Architecture · beginner
Parameter Count (model size)
Parameter count is the total number of learnable weights in a model — "7B" means 7 billion parameters. It is the most cited model-size metric, though not always the most informative.
Explanation
Each weight is a number adjusted during training. Today's open models span 1B-400B+ parameters; frontier closed models are presumed to be larger, often as Mixture-of-Experts where the "total" and "active" counts differ.
Parameter count is correlated with capability but only roughly. A well-trained 70B can beat a poorly-trained 175B. The Chinchilla finding showed many older "huge" models were undertrained — too many parameters per token.

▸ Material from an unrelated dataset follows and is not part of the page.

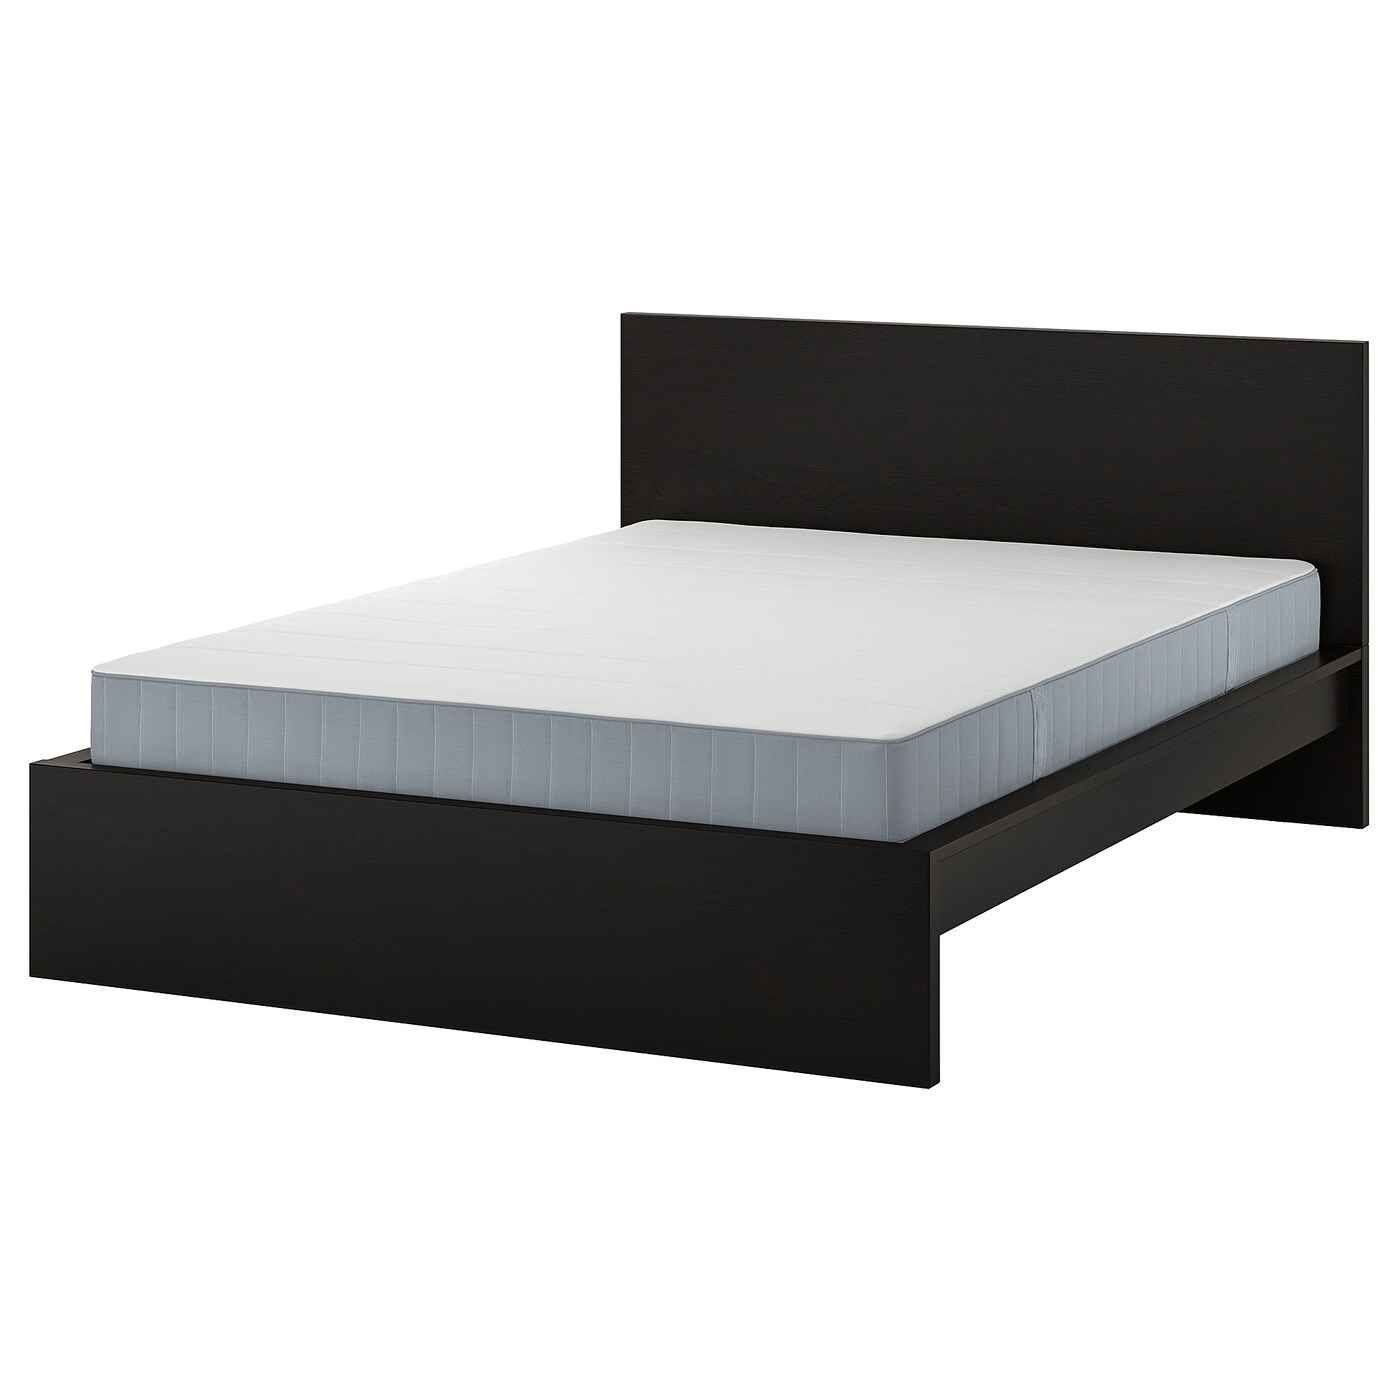 Кровать - IKEA MALM, 200х140 см, жесткий матрас,  черный, МАЛЬМ ИКЕА

For inference, parameters directly determine memory: a 70B BF16 model needs ~140 GB of GPU memory just to hold weights.
Examples
- Llama 3 family: 8B, 70B, 405B.
- Mixtral 8x7B: 47B total / ~13B active per token.
Frequently asked
What is Parameter Count?
Parameter count is the total number of learnable weights in a model — "7B" means 7 billion parameters. It is the most cited model-size metric, though not always the most informative.
What is an example of parameter count?
Llama 3 family: 8B, 70B, 405B.
How is Parameter Count related to Large Language Model?
Parameter Count and Large Language Model are both architecture concepts. A large language model is a neural network trained on huge amounts of text to predict the next token in a sequence. GPT-4, Claude, and Gemini are all LLMs.
Is Parameter Count considered beginner?
Parameter Count is generally considered beginner-level material in the AI and LLM space.